Two remaining hardening items, on top of #7 (stacked on fix/box-net-hardening).
All verified on a real Linux x86_64 + KVM host; macOS arm64 + clippy
--all-targets -D warnings clean.

Changes

  1. fix(box): keep VM alive after container exits for vsock services #4 — serialize boxes.json writes (cross-process lock). boxes.json had
    no inter-process lock; save() rewrites the whole record vector, so the
    monitor daemon, compose, per-box health checkers, and concurrent CLI
    commands clobbered each other. Added a flock(LOCK_EX) StateLock, a
    transactional StateFile::modify() (load→mutate→save under the lock, never
    .await inside), and atomic add_record/remove_record. Migrated the
    long-window async daemon writers (monitor poll_once + run_due_health_checks,
    per-box health loop) to reload-before-save modify(), and the common
    add/remove paths (create, rm) to the atomic helpers; save() now also
    locks. Verified: 12 parallel creates now persist all 12 records (was
    lossy).
  2. Atomic image-store index.json. save_index_inner used a non-atomic
    write, so a concurrent reader saw a truncated file ("Failed to parse image store index: EOF"). Now tmp + rename. Verified: the parallel-create EOF
    race is gone.
  3. fix(box): make CRI reachable over UDS — patch h2 to accept grpc-go authority #10 — split oci/signing.rs (1458 lines) into signing/{mod,crypto,sign}.rs
    per the >1000-line rule.
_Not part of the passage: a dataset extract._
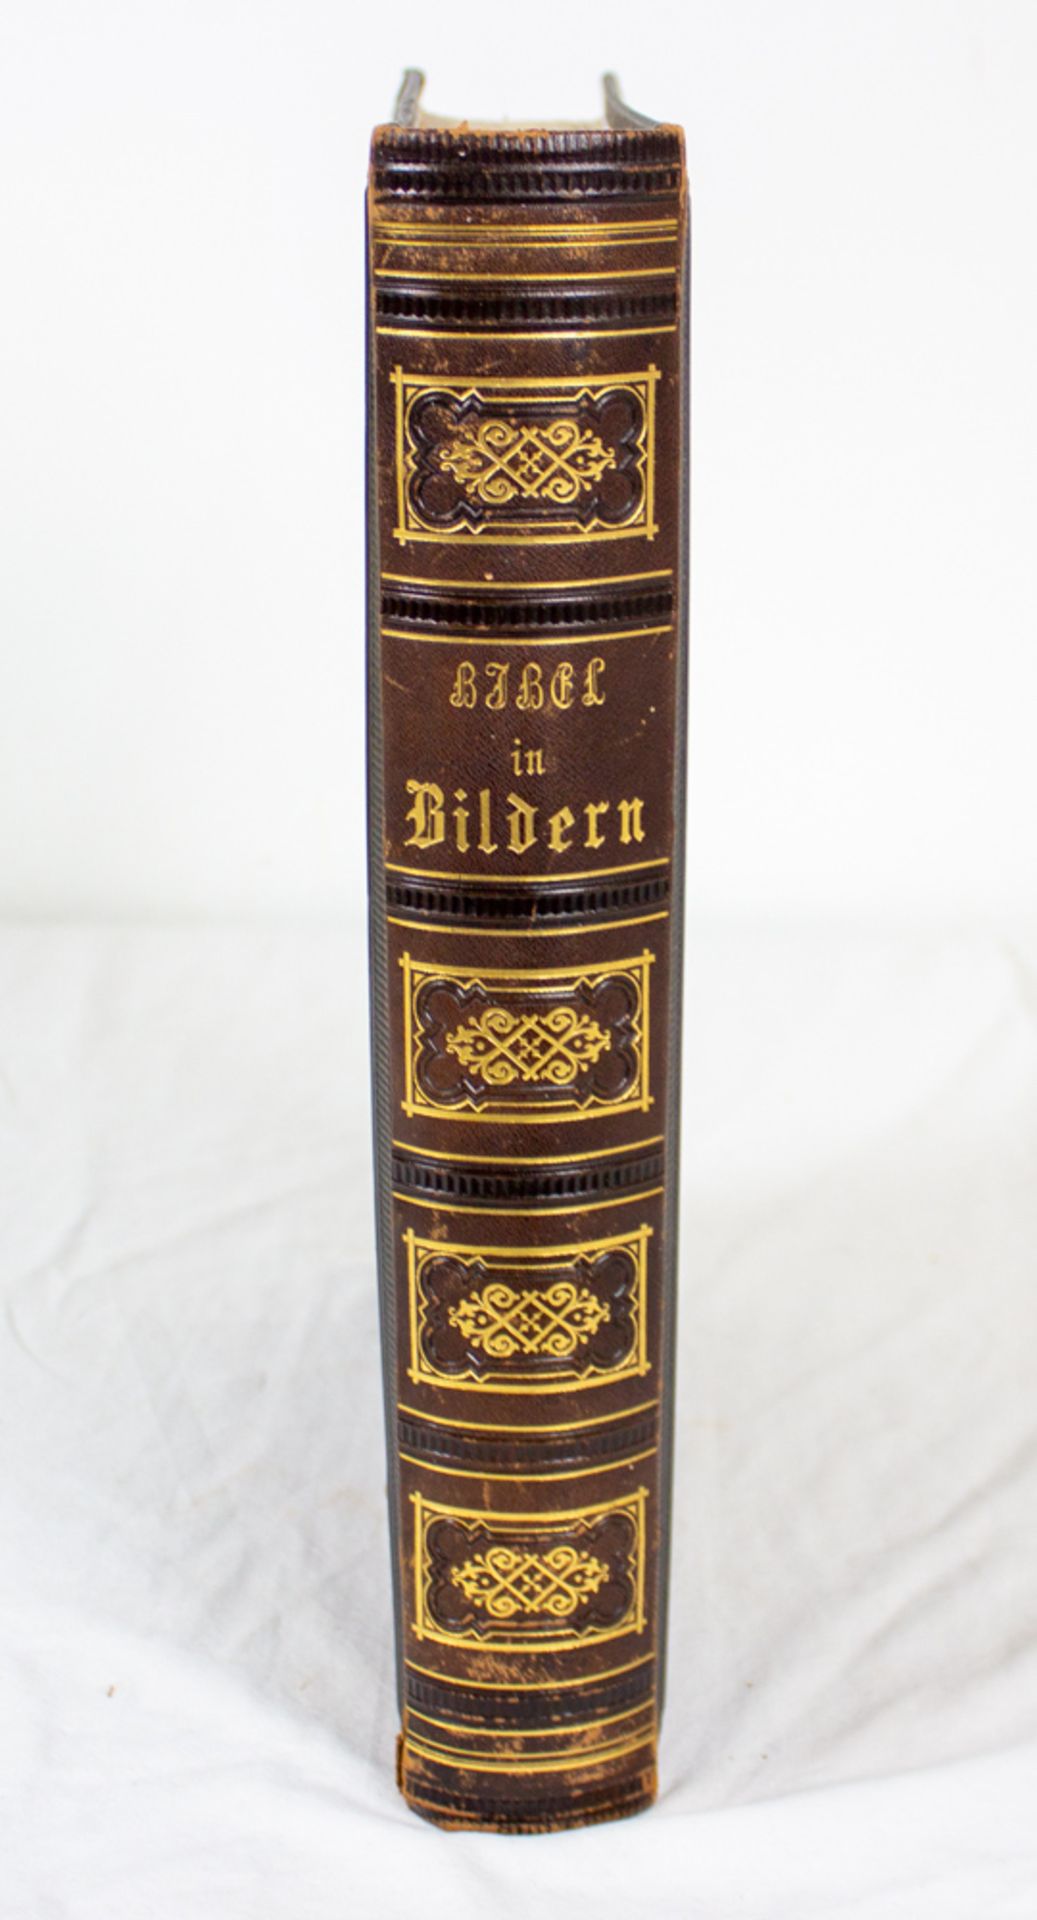 Schnorr's Bibel in Bildern, Volks- und Kinderbibel, Leipzig, 19. Jh. - Image 4 of 6
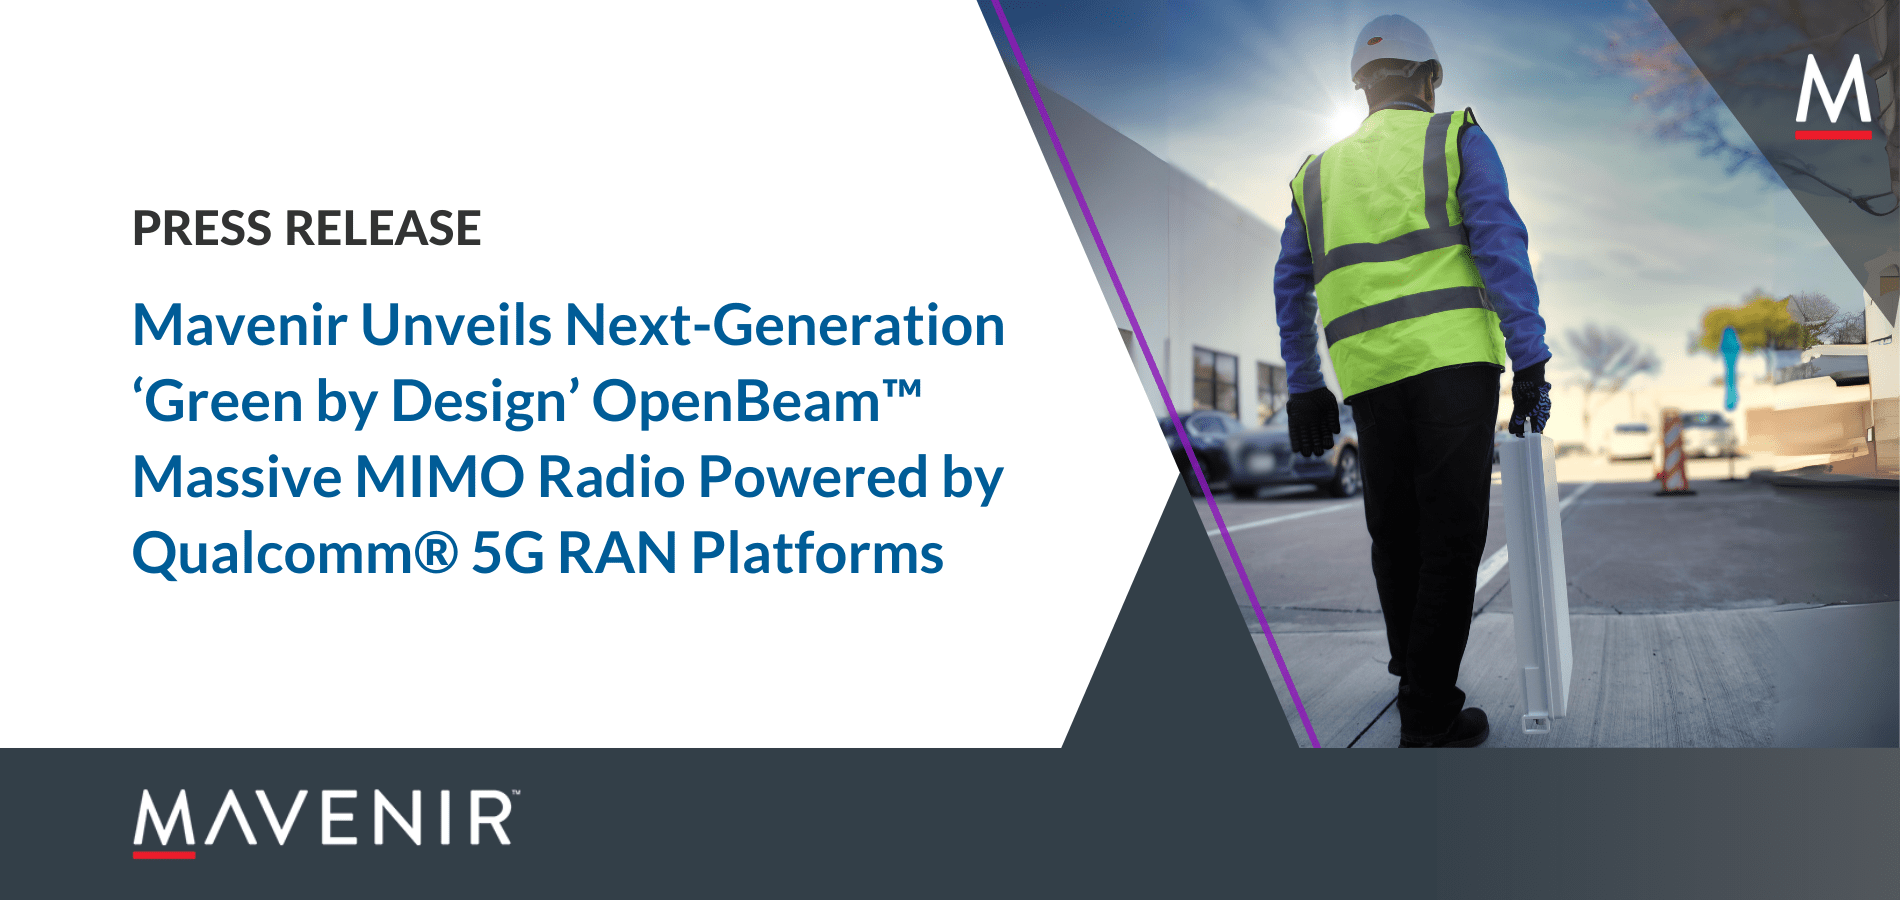 Mavenir Unveils Next-Generation ‘Green by Design’ OpenBeam™ Massive MIMO Radio Powered by Qualcomm® 5G RAN Platforms

Behavior-preserving: crypto/Fulcio primitives →
    crypto.rs, signing → sign.rs, orchestration + tests stay in mod.rs with
    glob re-imports so all call sites and the public API are unchanged.
    Verified: 34 signing unit tests pass.
  4. chore: fix a pre-existing clippy::unnecessary_mut_passed in the
    core_smoke pty test so --all-targets -D warnings (CI gate) stays green.

Verification (real KVM host)

  • core_smoke regression: 14/14
  • Unit tests: state 71, signing 34, passt 6
  • 12 parallel creates → 12 records (concurrency)
  • cargo clippy --all-targets -D warnings clean; macOS arm64 cargo check clean

Scope note

The remaining synchronous CLI mutators (pause/unpause/rename/snapshot/network/
container-update/start/restart/stop/compose) still use the now-locked save()
(writes serialized); migrating each to modify()/add_record/remove_record
for full per-command atomicity is a mechanical follow-up. The daemon (the
long-await primary offender) and the common create/rm paths are done.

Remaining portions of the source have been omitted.